* What to produce: Where a picture occurs in the data, omit it, and copy all remaining data exactly.

* Supplied material:
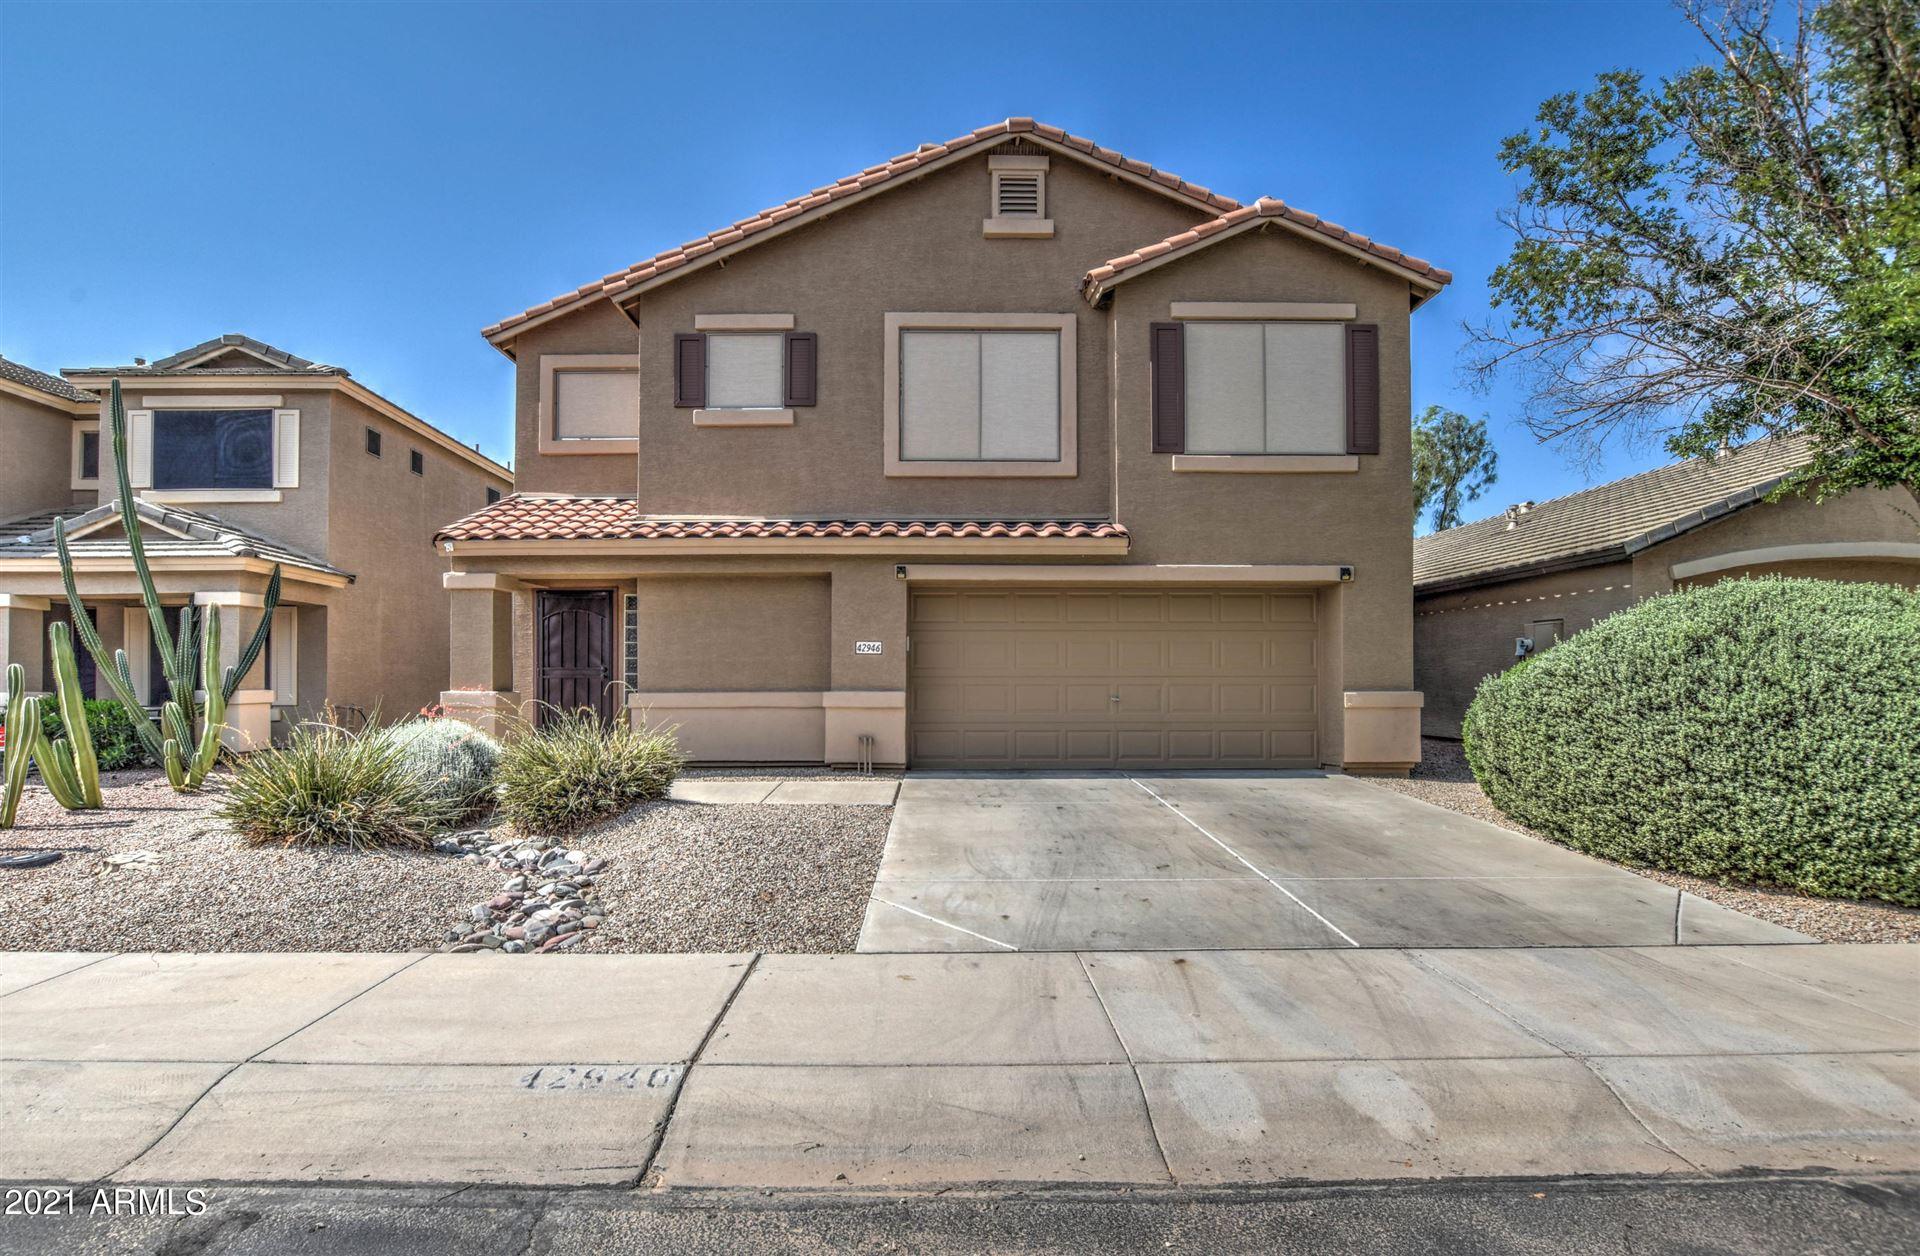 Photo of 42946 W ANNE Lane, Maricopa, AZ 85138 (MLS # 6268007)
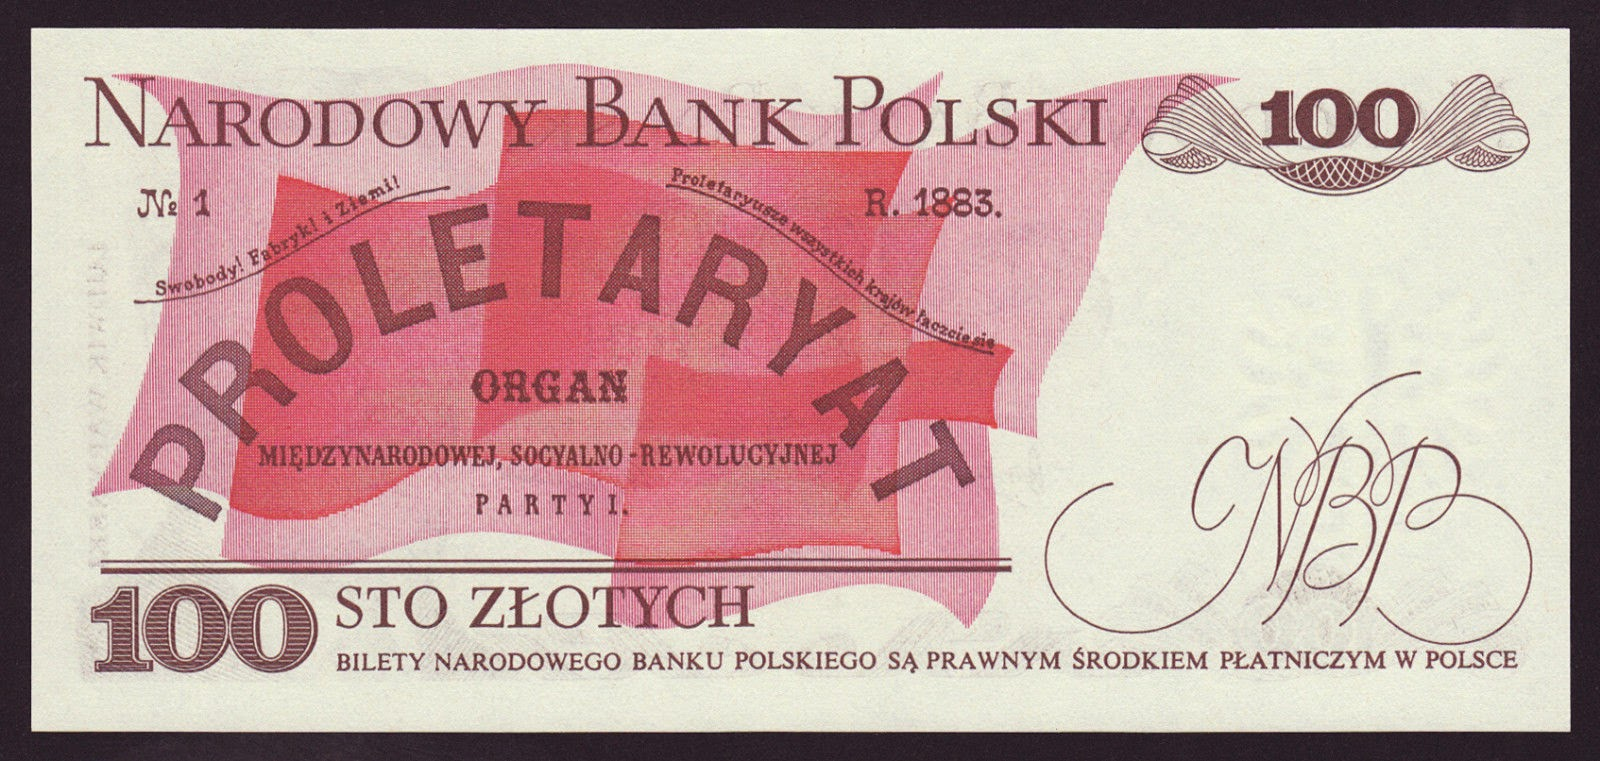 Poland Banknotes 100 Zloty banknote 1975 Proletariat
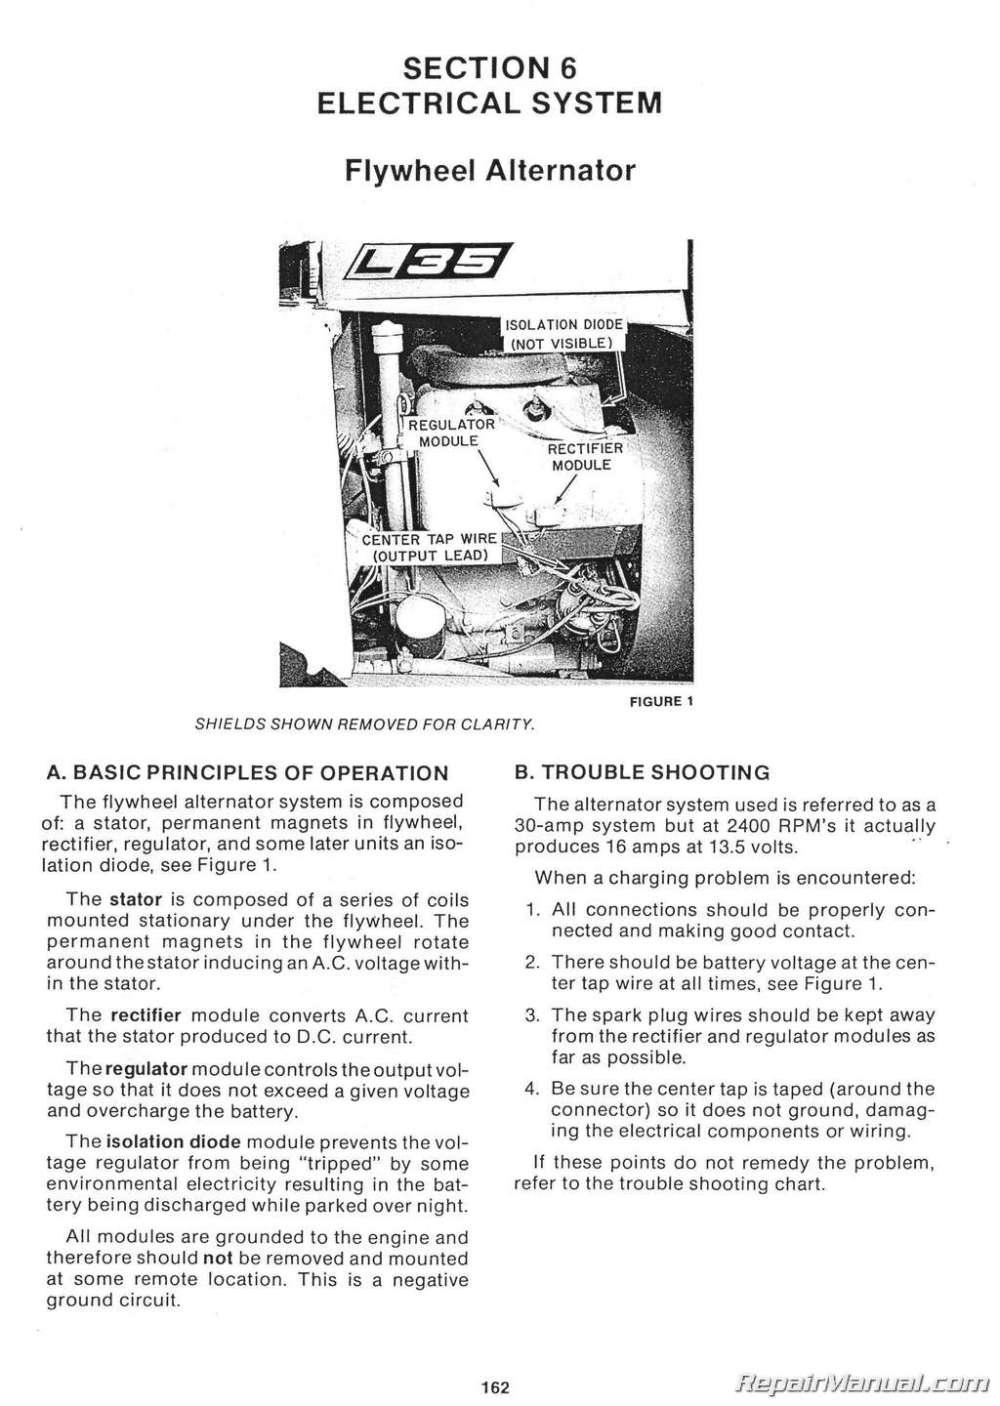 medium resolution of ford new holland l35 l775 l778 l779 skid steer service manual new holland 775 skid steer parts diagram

* Solved exercise:
 Photo of 42946 W ANNE Lane, Maricopa, AZ 85138 (MLS # 6268007)
 Poland Banknotes 100 Zloty banknote 1975 Proletariat
 medium resolution of ford new holland l35 l775 l778 l779 skid steer service manual new holland 775 skid steer parts diagram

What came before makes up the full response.